CHAPTER 5
Mean Reversion of Currencies and Futures
Conventional wisdom tells us that currencies and futures are the domain of momentum traders, and conventional wisdom is right about this. Indeed, most CTAs (Commodities Trading Advisors) are momentum based. It is also true that most currency or future pairs would not cointegrate, and most portfolios of currencies or futures do not exhibit cross-sectional mean reversion. So opportunities for mean reversion strategies in currencies and futures are limited, but not nonexistent. This chapter will guide the reader toward those situations where mean reversion is the exception rather than the rule, such as the trading of futures calendar spreads. In particular, we will discuss a trading strategy for one unique futures intermarket spread: the volatility future versus the stock index future.

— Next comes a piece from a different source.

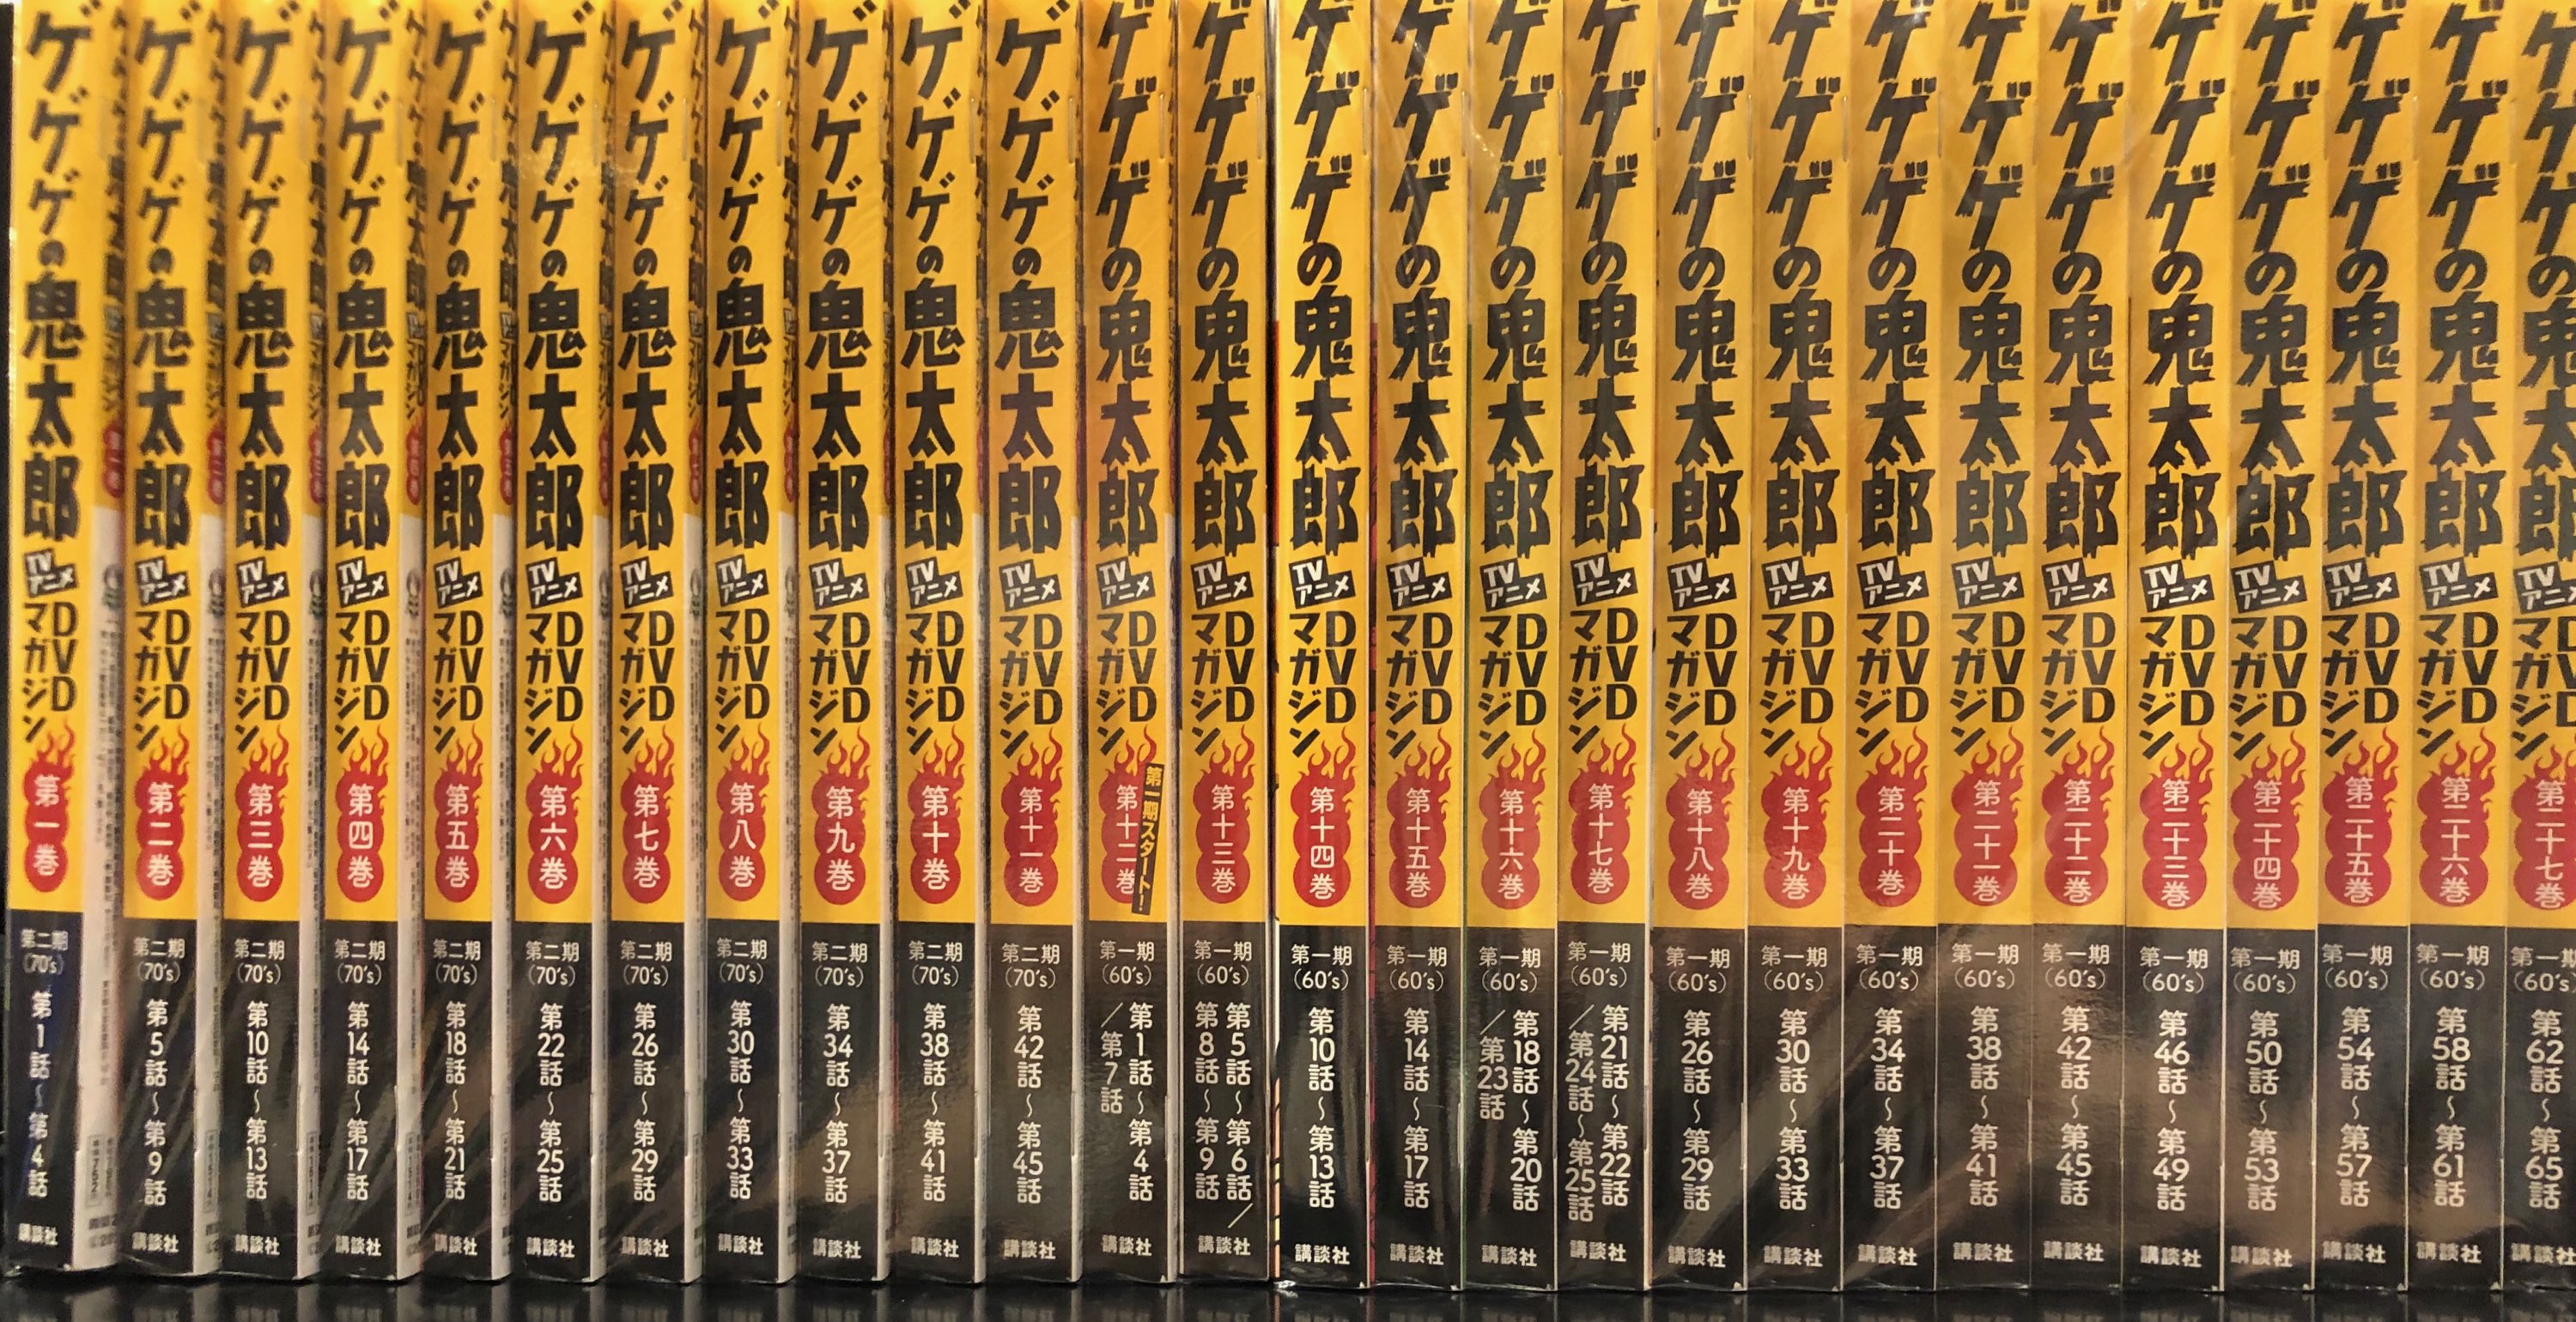 ゲゲゲの鬼太郎 TVアニメ DVDマガジン 全27巻 - DVD

In the course of exploring mean reversion in futures, we will also discuss a simple mathematical model of futures prices that will illuminate concepts such as spot versus roll returns and backwardation versus contango. Understanding this model will also help suggest new futures trading strategies without resorting to ad hoc technical indicators.
Trading currencies has certain nuances that are foreign to stock traders. Care must be taken when testing for cointegration of currencies or when computing the returns of a portfolio of currencies by making sure that a point move in one currency pair has the same dollar value as a point move in another currency ...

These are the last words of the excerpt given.